The MoJ is a disaster area. Today, every part of the criminal justice system is in deep crisis, as a direct result of a decade of disastrous cuts made by Tory Ministers, exacerbated by civil service mismanagement. All of it pre-dating COVID – no hiding behind the pandemic.

MoJ finances have been appallingly managed, with a continuing overspend of £1bn ever since 2015, and the NAO show that even an extra £2bn a year has STILL left the Department overspending. The Tories cut prison staff by a third, criminal legal aid by a third, CPS budget by a third, police numbers by 22, 000. Officials have botched project after project, including many designed to yield cost efficiencies: privatisation of probation was a disaster requiring emergency renationalisation, likewise FM with the collapse of Carillion, the 2016 programme to build 9 new prisons and open 5 by 2020 produced not a single one, as MoJ and HMT shuffled paper in doomed attempt to buy them on tick (PFI), the cost of Glen Parva new prison ballooned by 70%, the Oasis secure school is delayed by uncertainty about charitable status, MoJ failed to stop SERCO and G4S stealing £200m of public money and then covered up their own incompetence, successive attempts to procure new tagging contracts collapsed, the court transformation programme has slipped, savings are not being achieved and forced reliance on online hearings as courts are sold off to save money is disadvantaging the most vulnerable, nearly 1 in 4 legal aid firms have quit. Even now, the NAO report, a majority of MoJ's key projects are rated as amber or red. The results: prison violence and self-harm soared threefold, the court backlog was already 600,000 before COVID struck and cases are  now being listed two years ahead, police clear up rates are at the lowest recorded, only 1 recorded crime in 12 resulting in charge or summons, far fewer if you count crimes not reported. The system is broken.

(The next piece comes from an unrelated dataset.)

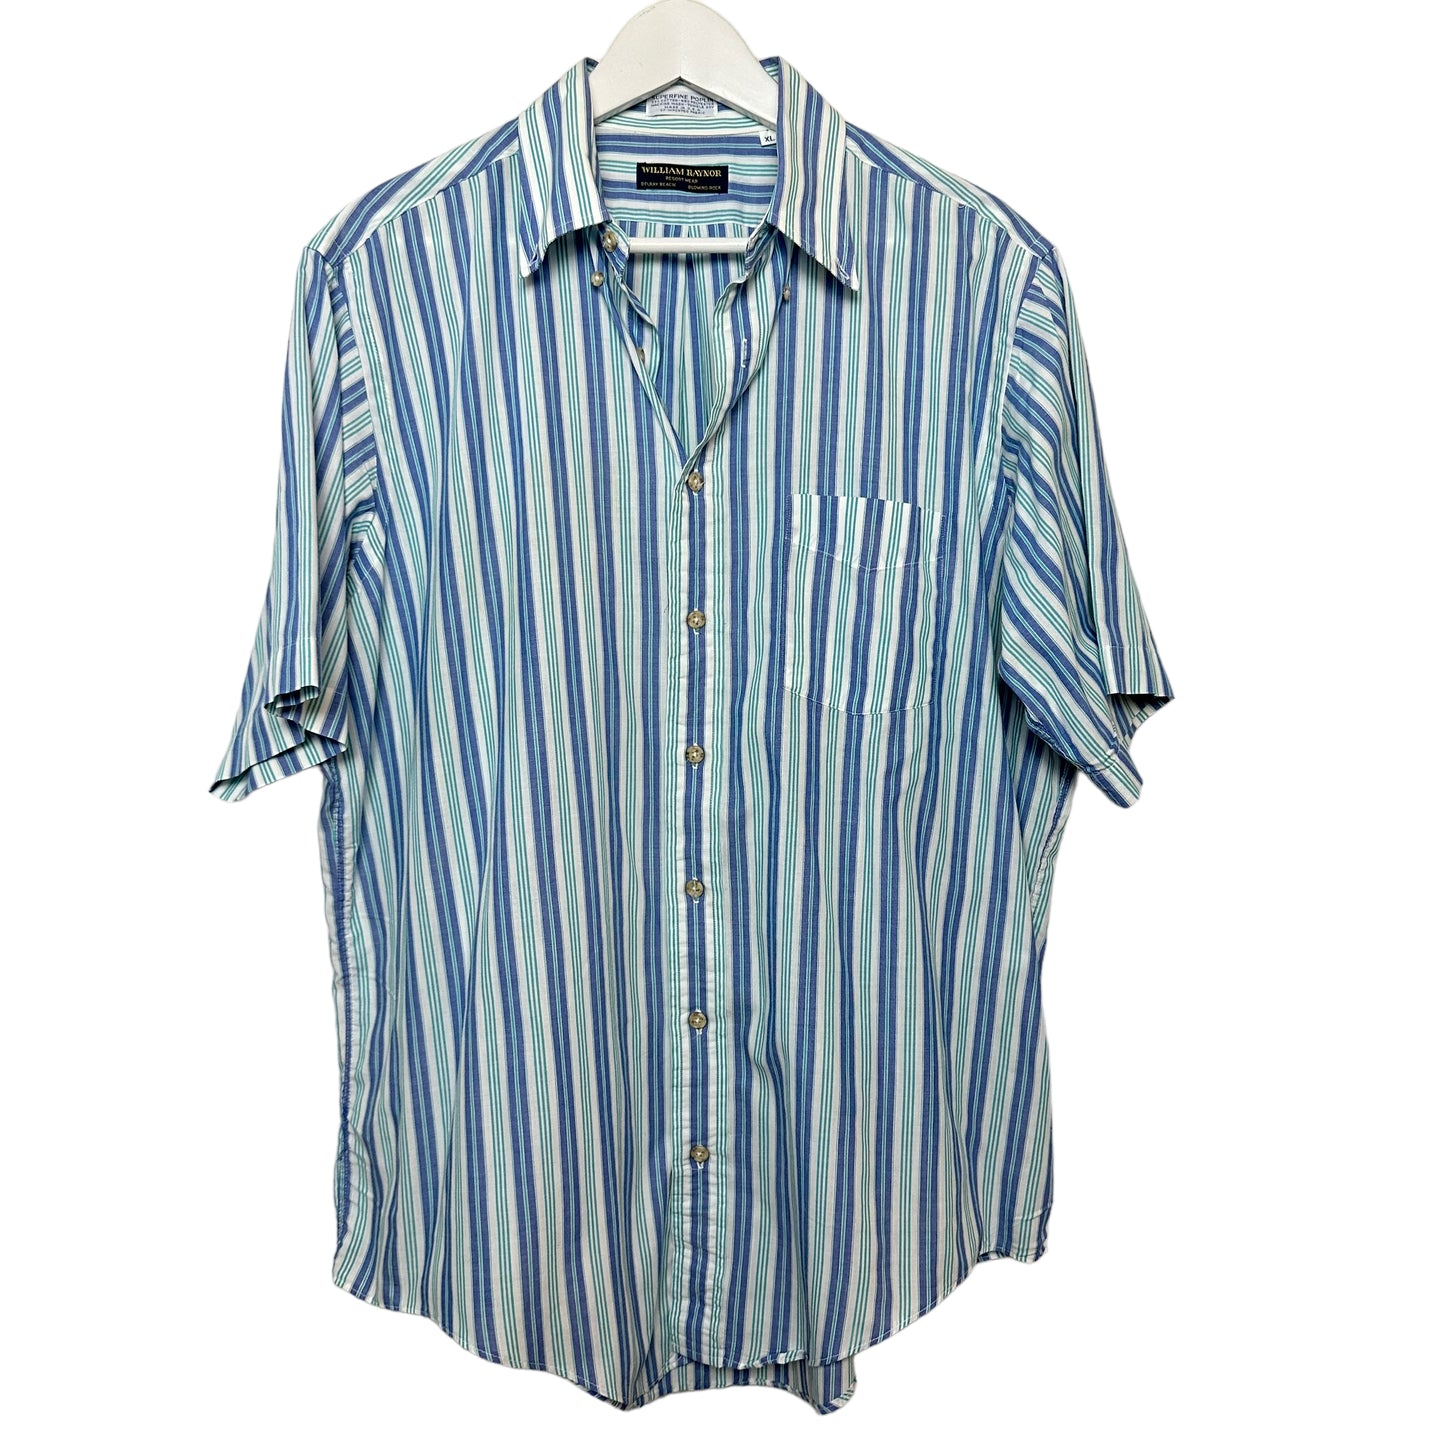 Vintage 90s William Raynor Striped Short Sleeve Button Down Blue Made in the USA XL

The MoJ isn’t just troubled: it has become the very emblem of the UK as a failed State. The case for a fundamental review of the working of the CJS is urgent as never before. Billions are needed to restore basic functioning. But the promised (but much delayed) Rotal Commission will take place at a moment when due to the monstrous economic  self harm of Brexit (another Tory triumph),  as well as the downturn due to COVID, and coming soon, the possible breakaway of Scotland from the UK, prompted by Tory indifference to the Union, there will be no possibility whatsoever of big, sustainable increased spending on criminal justice. Moreover all the Tories know how to do is endless ratchet up demand on prisons, the most costly, least worthwhile element of the CJS to put new money into. We are up shit creek without a paddle and the captain, ‘Unacceptable’ Buckland, doesn’t even know it.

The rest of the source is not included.